Any image found in the entries is to be skipped; the rest is returned word for word.

Saved data entries

======

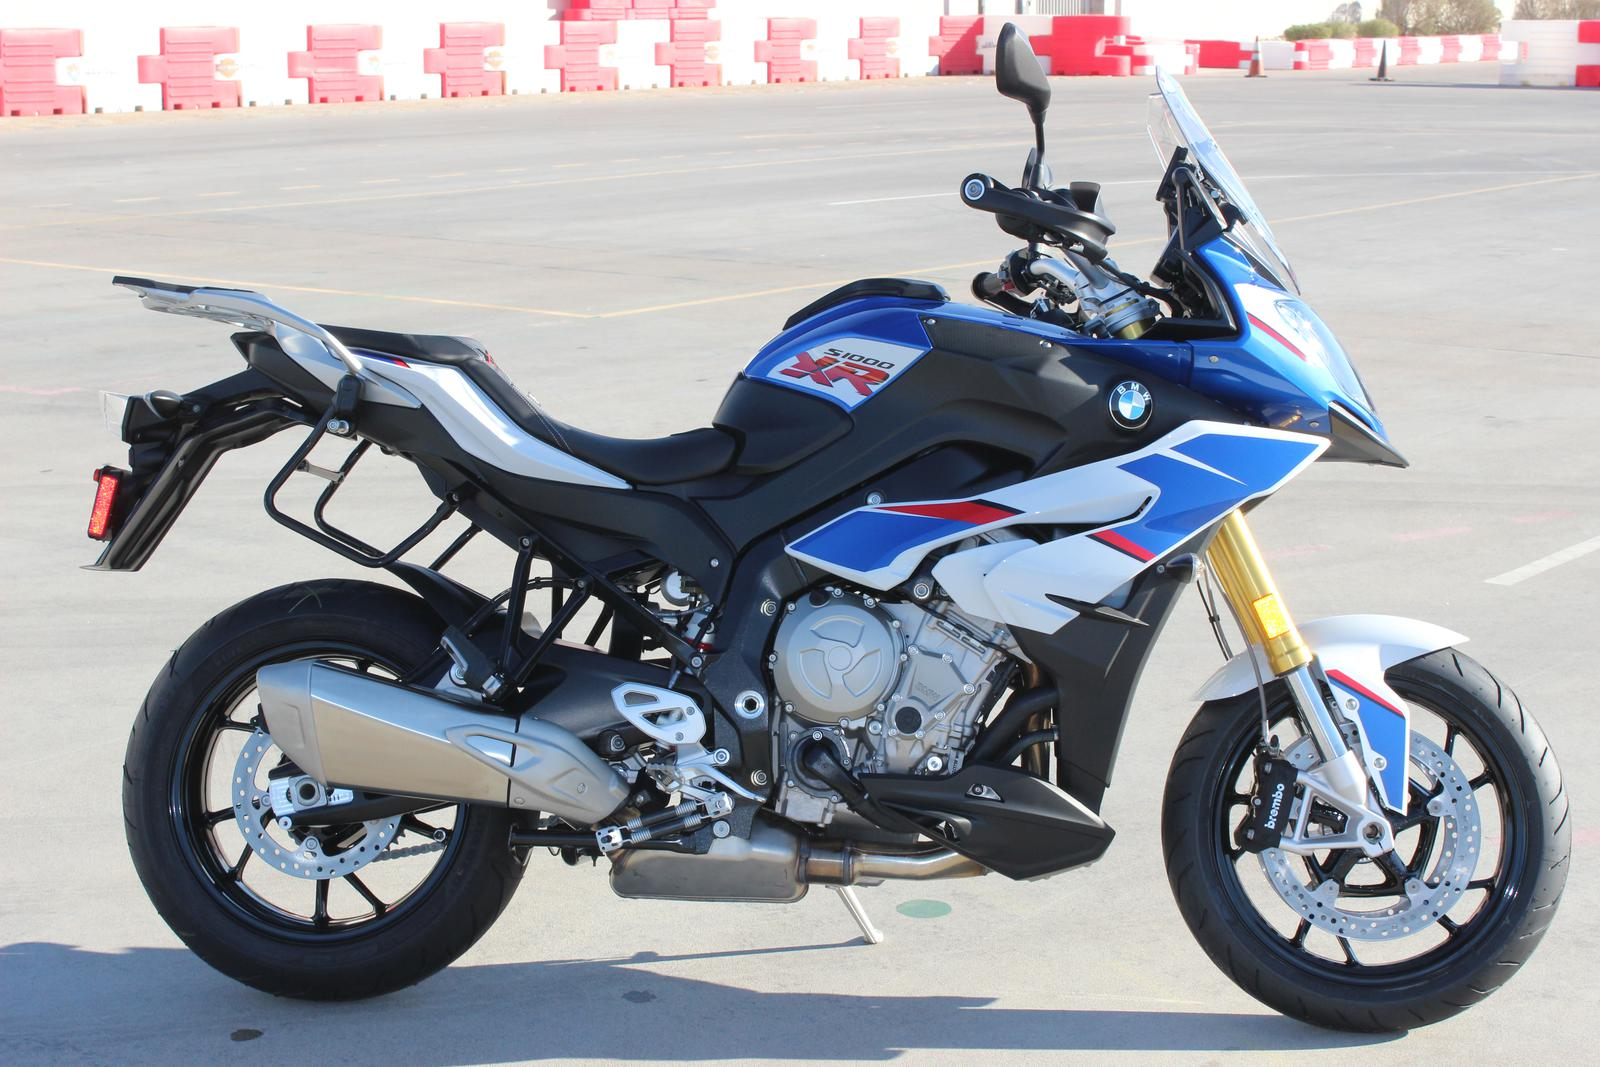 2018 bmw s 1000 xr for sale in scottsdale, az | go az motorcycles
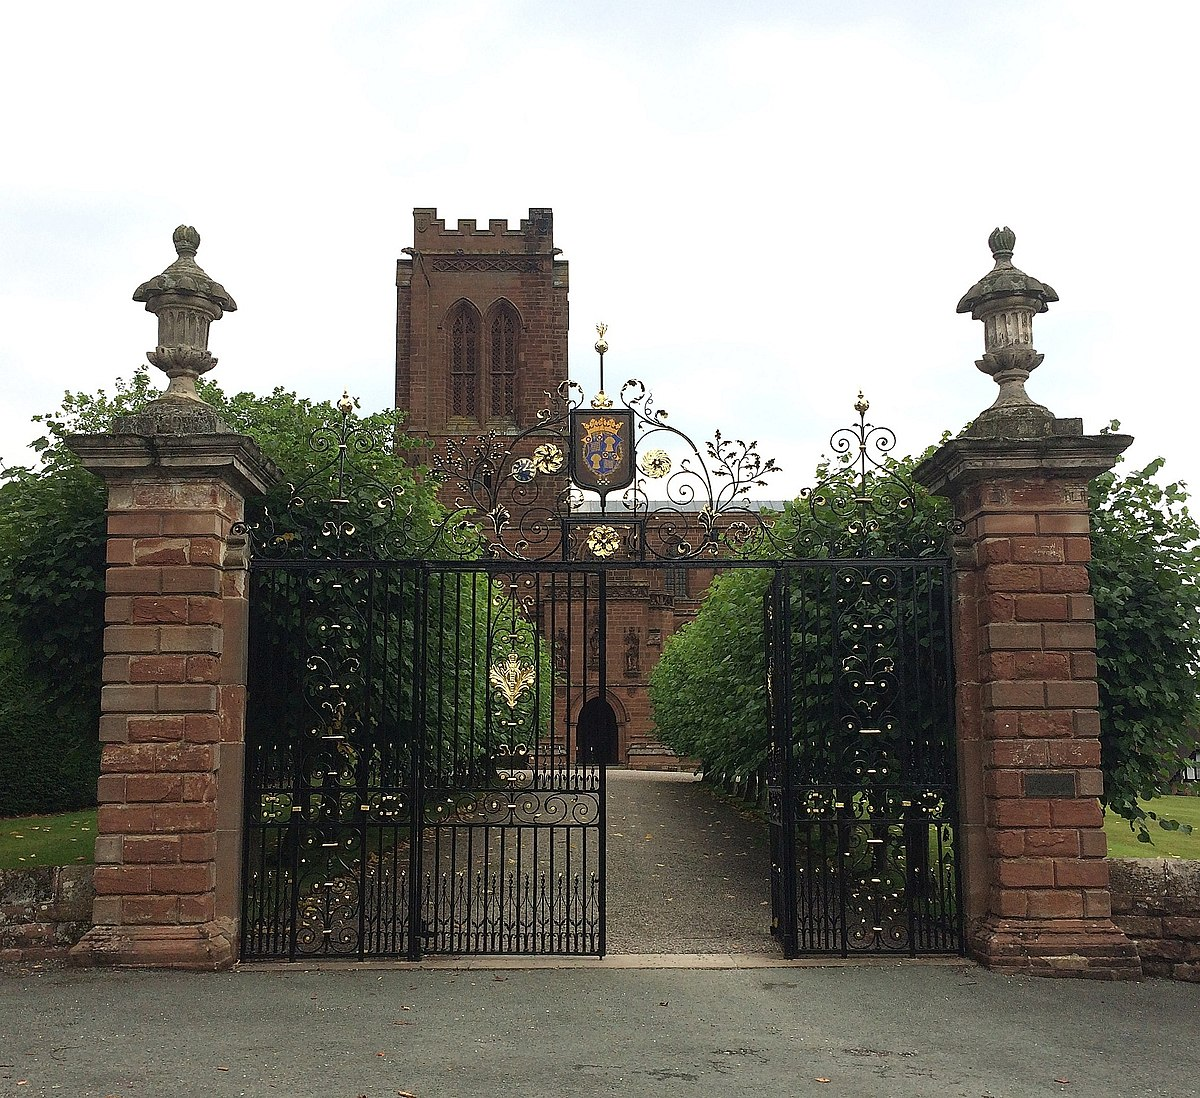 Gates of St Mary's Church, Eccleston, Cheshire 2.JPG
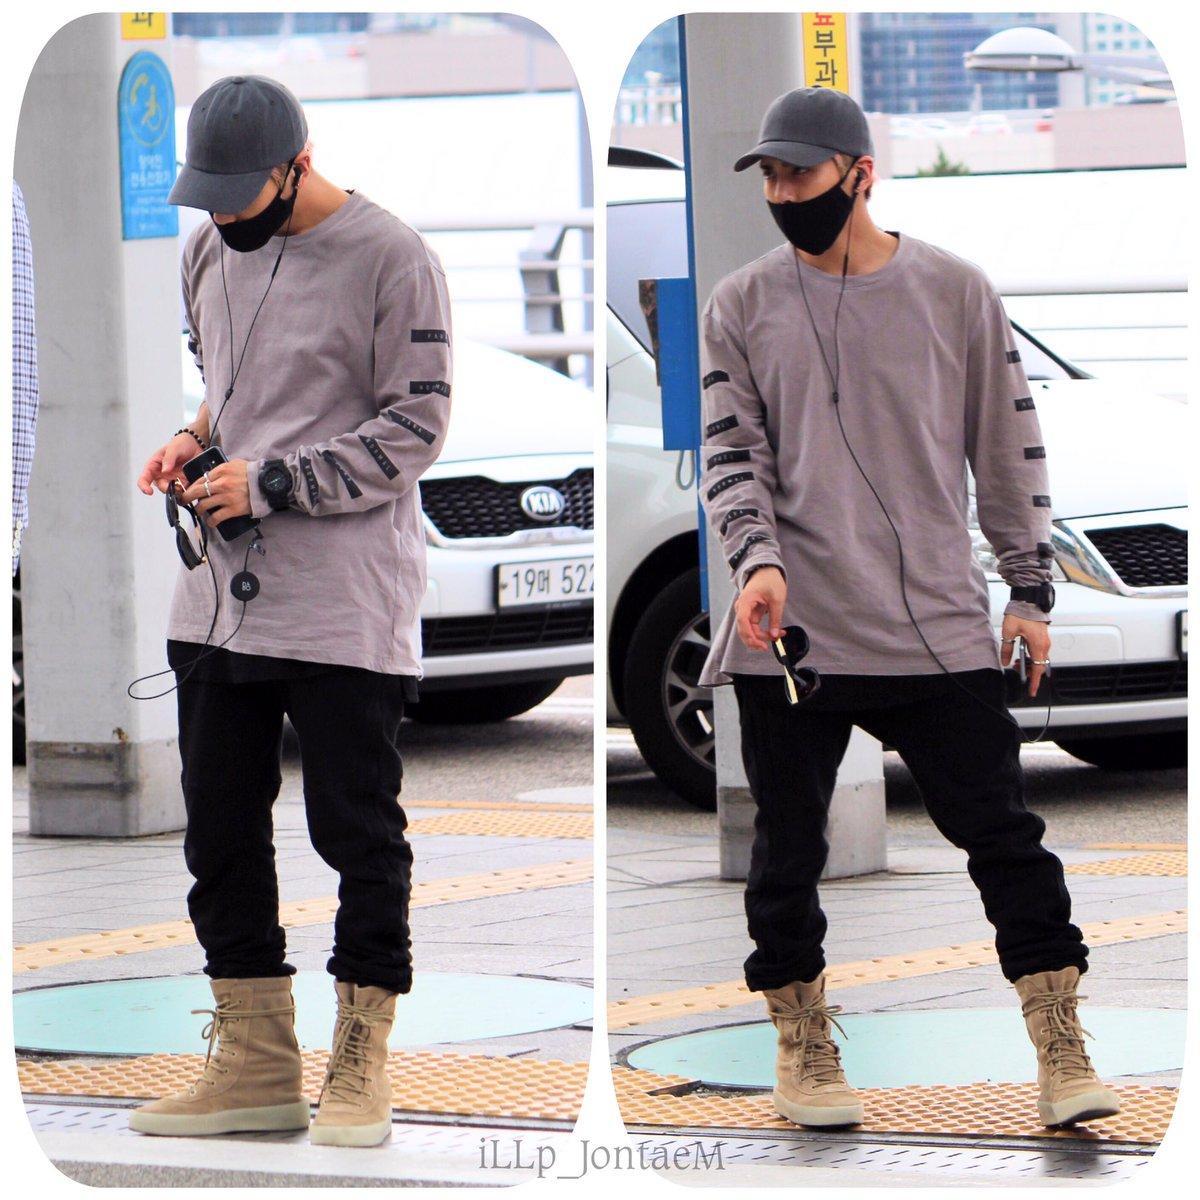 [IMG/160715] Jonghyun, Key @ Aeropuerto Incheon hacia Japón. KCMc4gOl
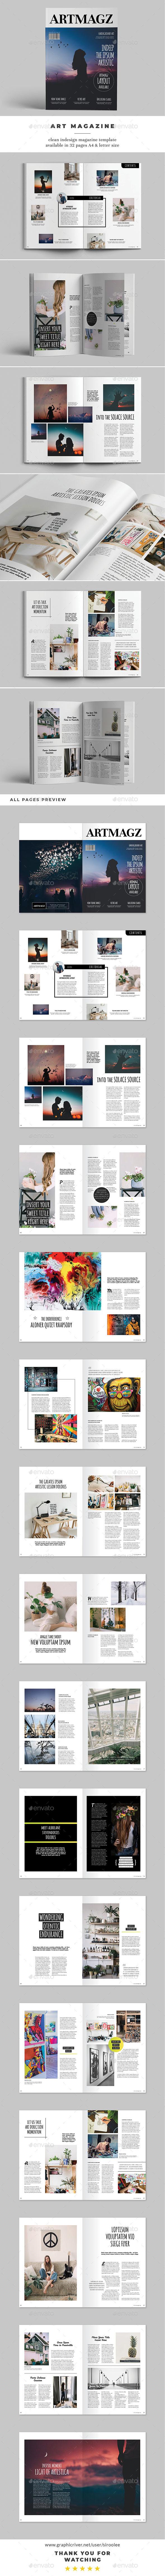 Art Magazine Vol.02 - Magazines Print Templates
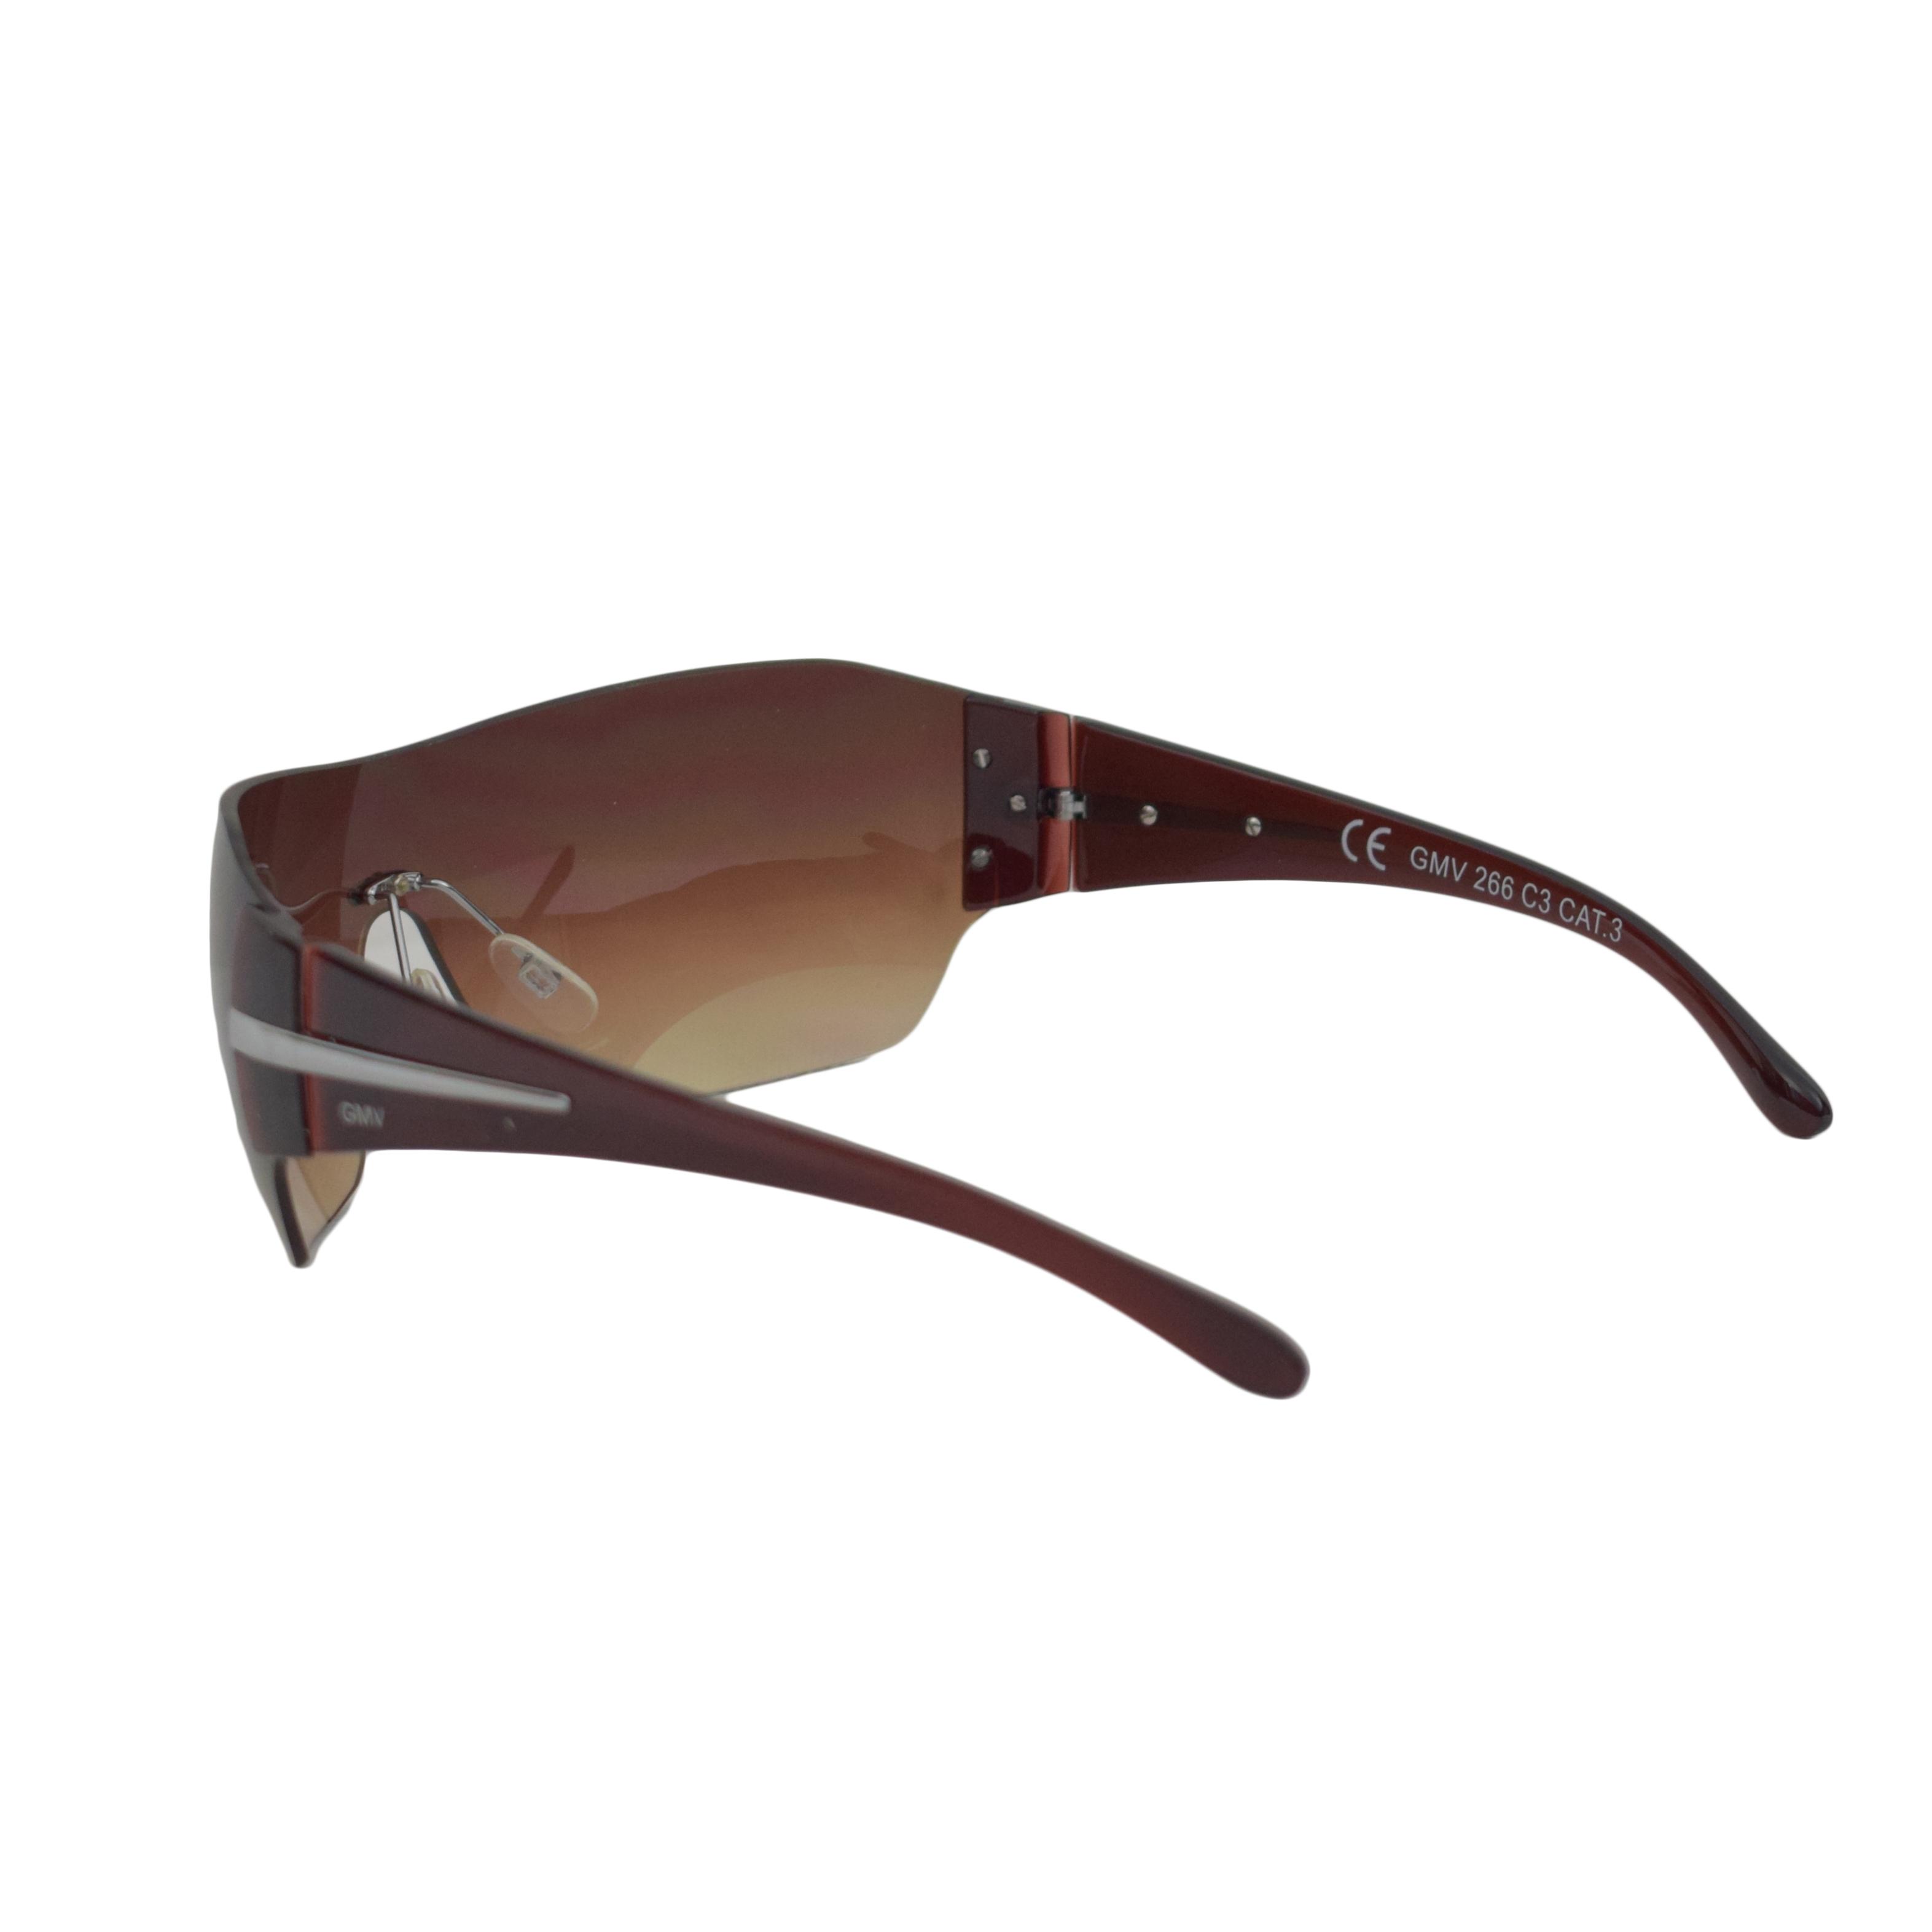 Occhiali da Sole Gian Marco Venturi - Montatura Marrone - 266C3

======

**Result for this task:**
 2018 bmw s 1000 xr for sale in scottsdale, az | go az motorcycles
 Gates of St Mary's Church, Eccleston, Cheshire 2.JPG
 [IMG/160715] Jonghyun, Key @ Aeropuerto Incheon hacia Japón. KCMc4gOl
 Art Magazine Vol.02 - Magazines Print Templates
 Occhiali da Sole Gian Marco Venturi - Montatura Marrone - 266C3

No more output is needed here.